--- Stored data Enclosed Below ---

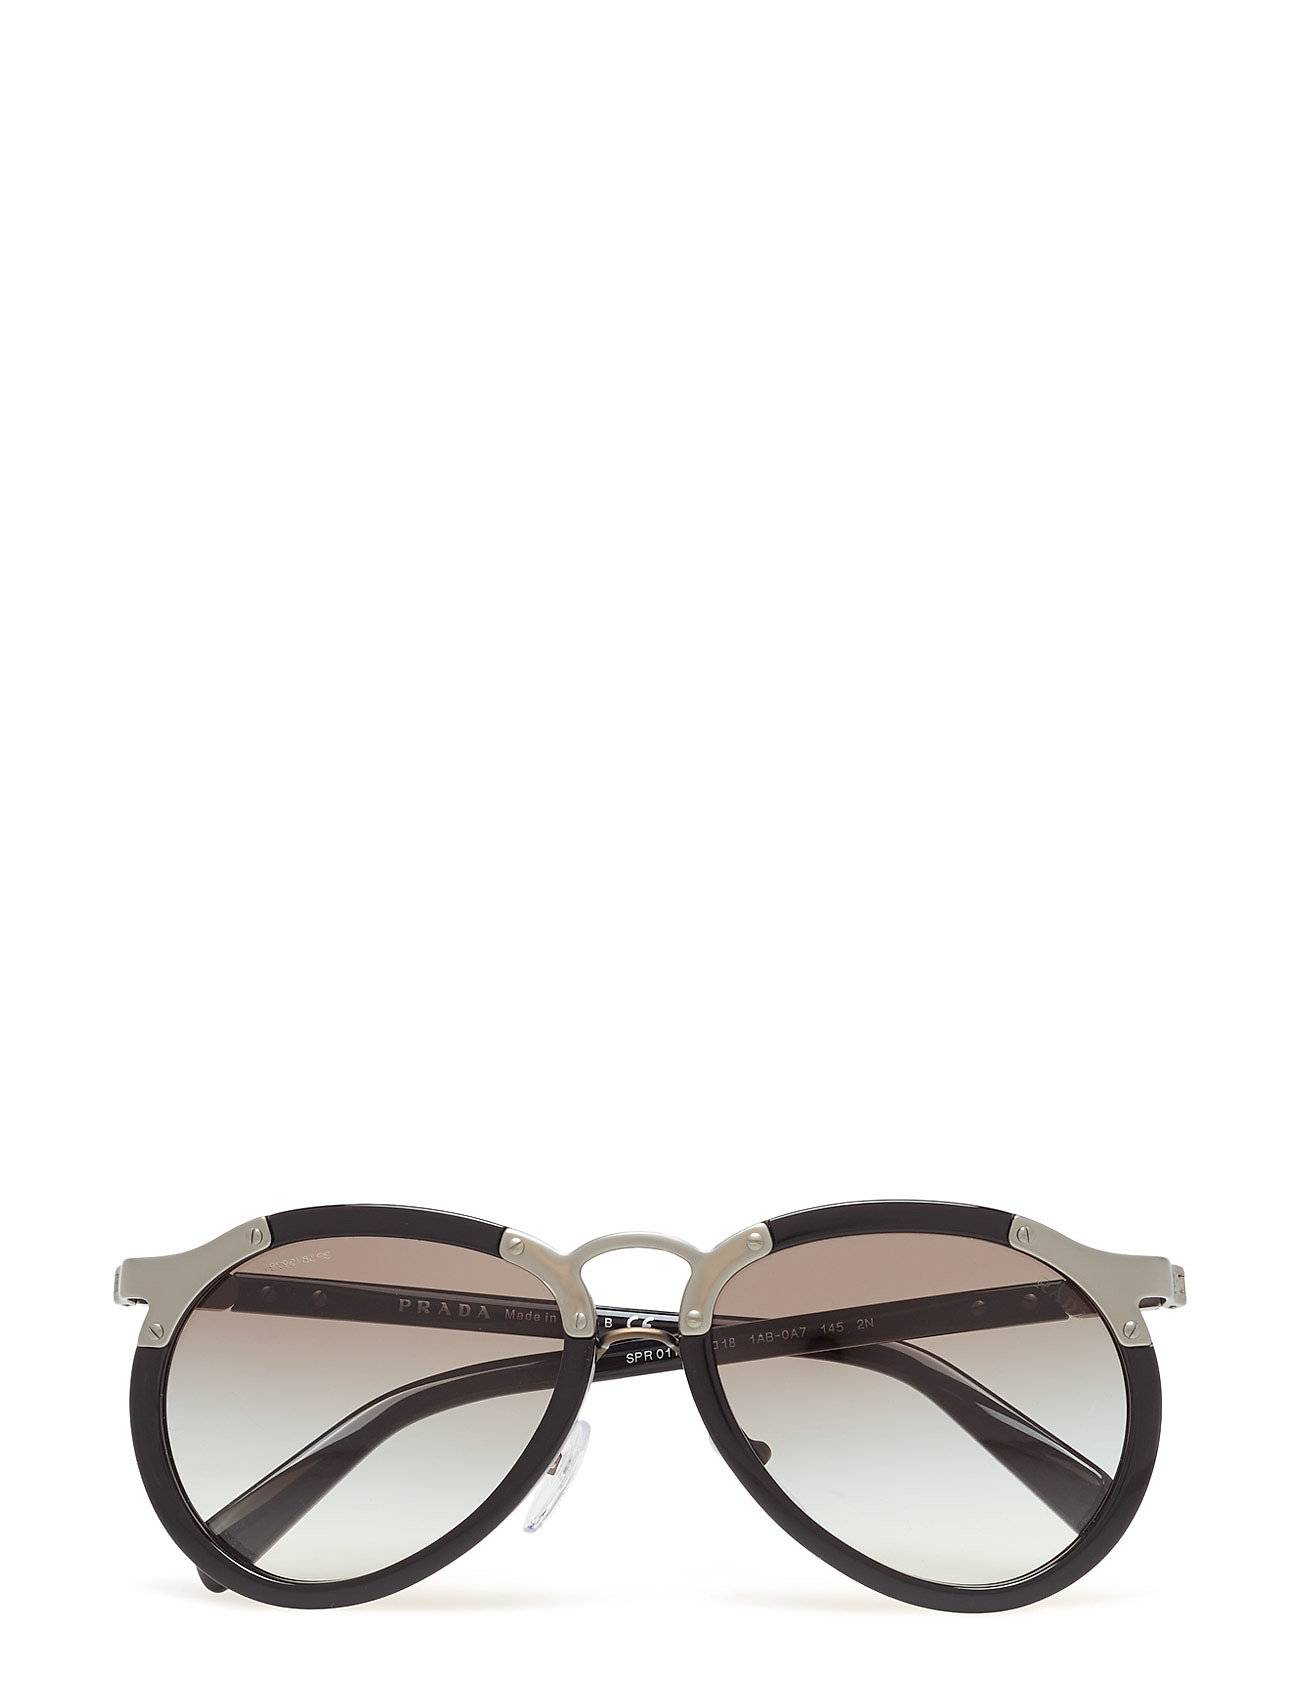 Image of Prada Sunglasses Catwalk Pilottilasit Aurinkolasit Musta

--- End of Enclosed Stored data ---
--- Stored data Enclosed Below ---

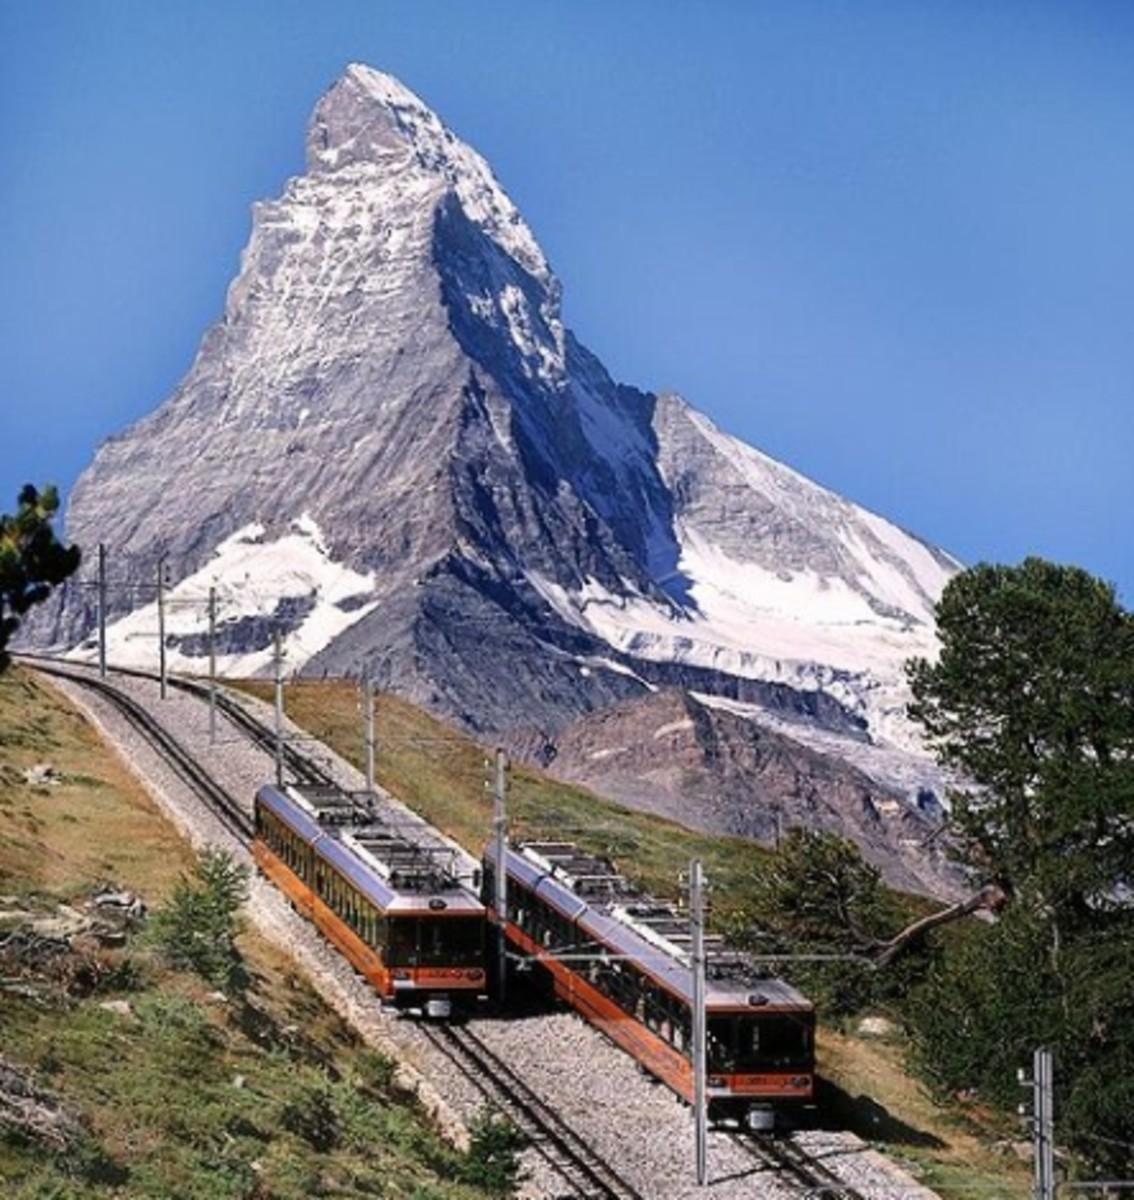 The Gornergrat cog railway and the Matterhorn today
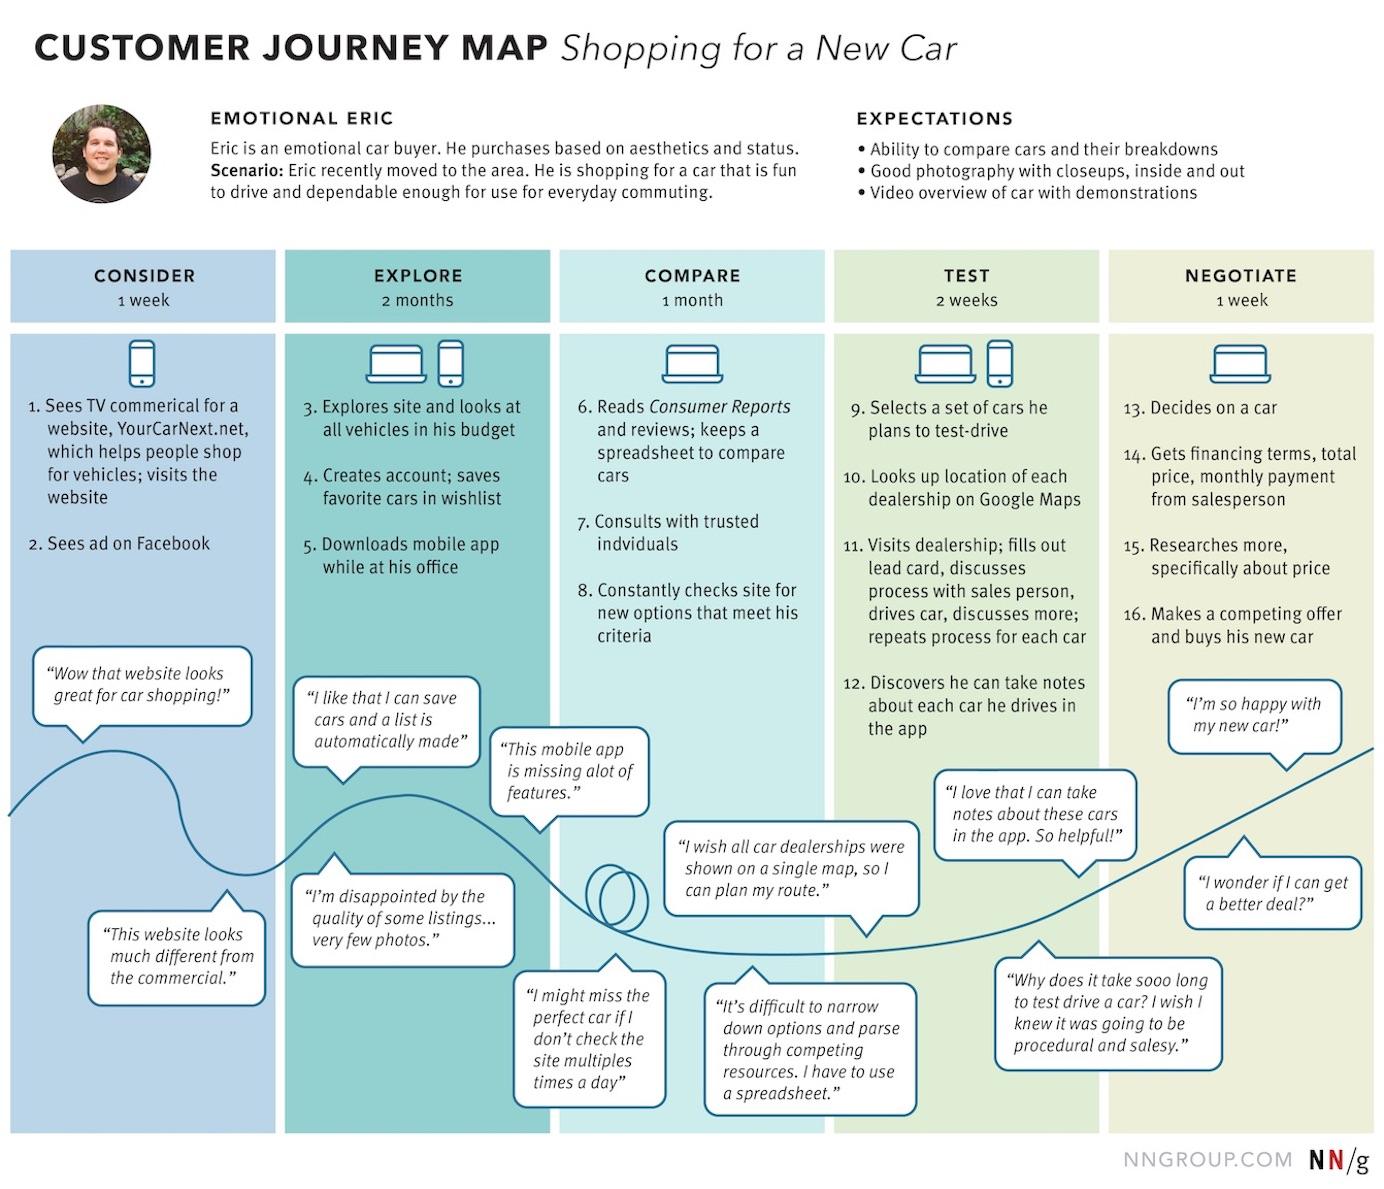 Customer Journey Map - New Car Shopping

--- End of Enclosed Stored data ---

● Exercise brief: Everything from the line with "The Gornergrat cog" through the line with "Customer Journey Map - New Car Shopping" in the material above should be transcribed exactly, except the pictures.

● Expected output:
 The Gornergrat cog railway and the Matterhorn today
 Customer Journey Map - New Car Shopping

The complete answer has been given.